Now I know that a good many of you will be familiar (perhaps too familiar!) with Wellington brewery Garage Project’s appetising range of beers but were you aware that they’ve branched out into delectable treats for dogs as well? ‘Now why would a brewery start catering to pets?’ I hear you ask – and that’s a good question because, as a rule, companies who specialise in one form of product, generally don’t tend to move into unknown territory. It can be risky, it can be a distraction and it often involves product development in an area that is completely unfamiliar. However, Garage Project has proven that – if done properly – it can indeed work well…
Garage Project is a small brewery that, as part of its brewing process, produces malted barley (or mash). As good corporate citizens, the company has been distributing its leftover barley to a local community garden to be used as compost and provided farmers with the balance as feed. This arrangement works well but, being a company that likes to push boundaries (they are, after all located in an old petrol station in the Aro Valley), Garage Project thought that there were unexplored opportunities that could be capitalised on with their malted barley by-product. Oh, and the company is heavily represented by brew dogs and dog lovers and that’s where we come in.

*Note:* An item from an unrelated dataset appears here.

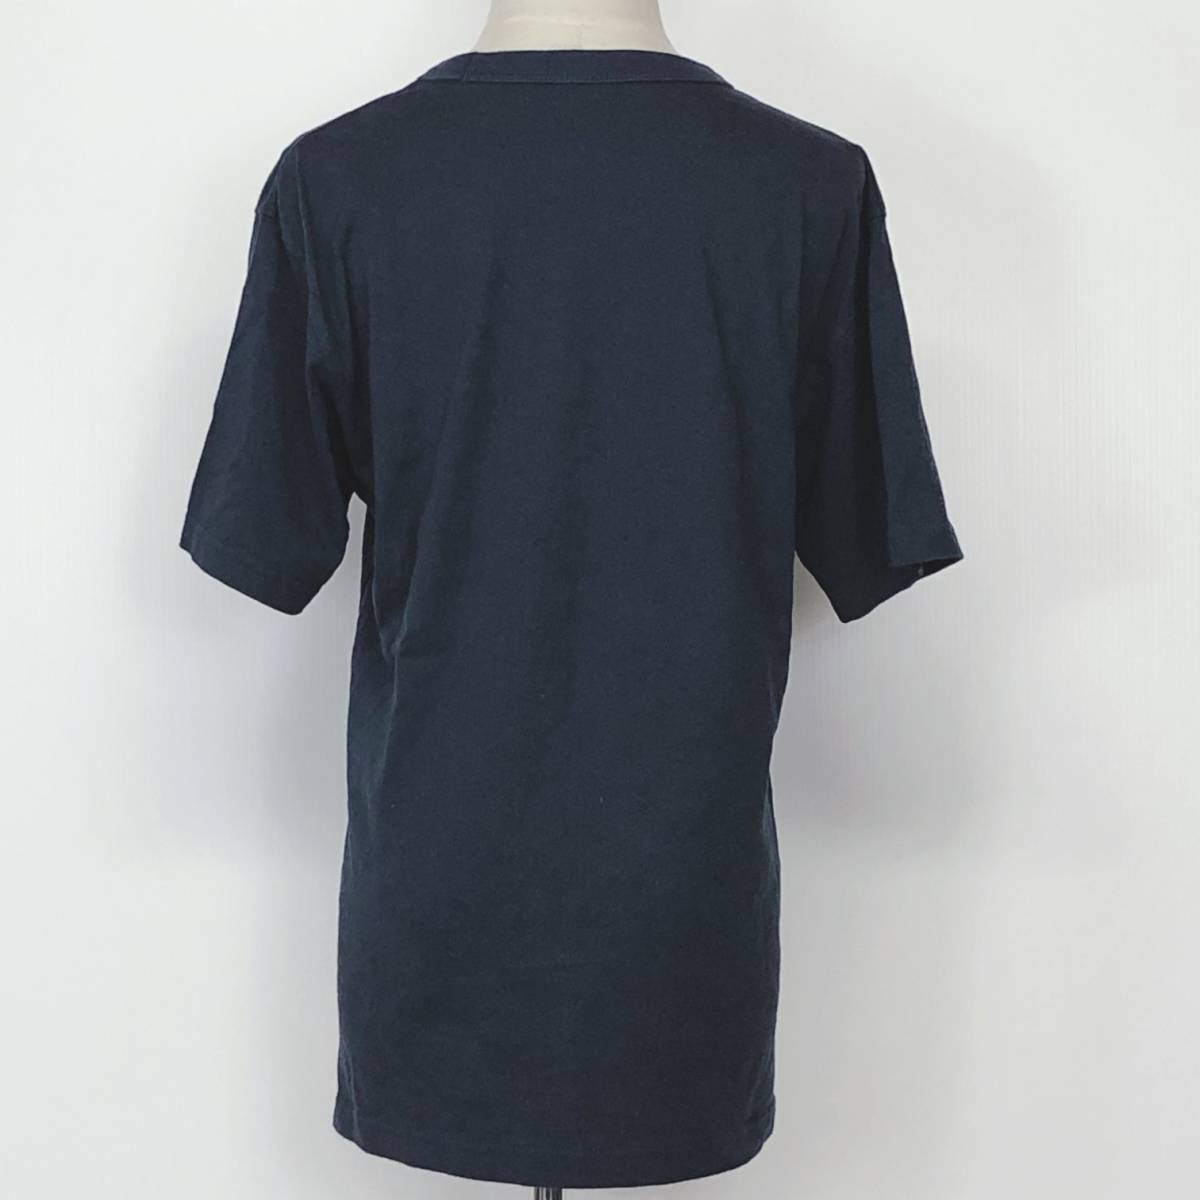 X432 UNIQLO（ユニクロ）レディース トップスTシャツ 半袖 厚手 Sサイズ ネイビー 紺 無地 綿100% シンプル 夏 スポーティチックスタイル_画像3

Garage Project representatives met with the Bioresource Processing Alliance (BPA) and the reps outlined their interest in creating nutritious treats for dogs based on their malted barley secondary stream. Pet ‘treats’ are generally regarded as food that should be given to animals on a limited basis, however, Garage Project knew how much goodness was in the high protein, high fibre spent mash but needed someone with expertise in animal nutrition to help them develop a product that was both palatable and balanced for dogs.
BPA food technologists and veterinary scientists from AgResearch and Massey University combined forces to invent and refine a recipe, using the barley mash, combined with grass-fed beef and free-range eggs. Garage Project also teamed up with Wellington’s Rosa Foods to manufacture the product and Mashbone Brewery Bites for Dogs.
The brewing process involves lightly crushing the grain and mixing with hot water to extract the sugars for the beer. What remains is spent barley, with the sugar extracted, leaving a high protein, high fibre energy source – a highly valuable raw material. The Mashbone Brewery Bites resemble gourmet crackers and with some slick branding and clever marketing, the product is proving to be a winner with dogs who hound their owners to bring them back some when their owners are picking up their favourite six-pack of beer.
It’s one thing for a company to believe that their product concept will be healthy and liked by end users but it is smart business practice to bring in some extra support if you want to be sure and/or don’t have the skills in-house to prove that this is actually true. It’s a useful marketing tool to have a product innovation backed up by external experts who are independent and qualified in the specific area you are stepping into. Rosa Foods made the Bites look appealing in the package, while the scientists at Massey and AgResearch were able to conduct nutrition analyses, palatability trials and hone the recipe to cater to the animals’ preferences. The Brewery Bites are not only found to be delectable by the dogs but they also provide supplementary benefits for their bones and joints. Demonstrating this to customers would have proved difficult had Garage Project not involved scientists and an experienced manufacturer which has clearly been advantageous for the company, as sales escalate.
What I like is that Garage Project is focused on managing the full life cycle of their products, creating sustainable and natural offerings, without preservatives and fillers – a worthy cause that is obviously a winner with customers (they ranked top of Deloitte’s Fast 50 in 2015). It’s an advantageous policy to use a ‘clean labelling’ approach (wholesome ingredients, no artificial ingredients or allergens, etc), as this is something that consumers are crying out for, but it further pushes a product up the value chain if the ingredients are also premium (locally sourced, organic or free-range, for example). Combining these benefits with recommendations from credible experts and the story around whole-of-life-cycle merchandise and a product often soars to the ‘top shelf’ of product land.
The Mashbone Brewery Bites are currently sold in liquor stores, Commonsense Organics, Farro Fresh, liquor outlets, select New Worlds, vet clinics, grooming sites, 4 Squares and Fresh Choice and Garage Project is looking at launching into the US and Australian markets as likely next steps. This is a bold and sensible move and one that will surely pay off as the trend for high quality pet foods has sky-rocketed internationally in recent years.
For a company that is as crystal clear in its marketing and as on point as Garage Project is, it could have been tempting to think that they could go it alone in the development of a product so far removed from their core business but that’s what makes Garage Project successful. To know when to bring in outsiders who can help and to grasp the benefits of why this is important to a company’s long term vision is key. I’m neither a beer drinker nor a dog owner but I have to admire the company’s ability to go large into unchartered territory and see it pay off but for now, I’ll watch with interest for the next product innovations coming out of Garage Project.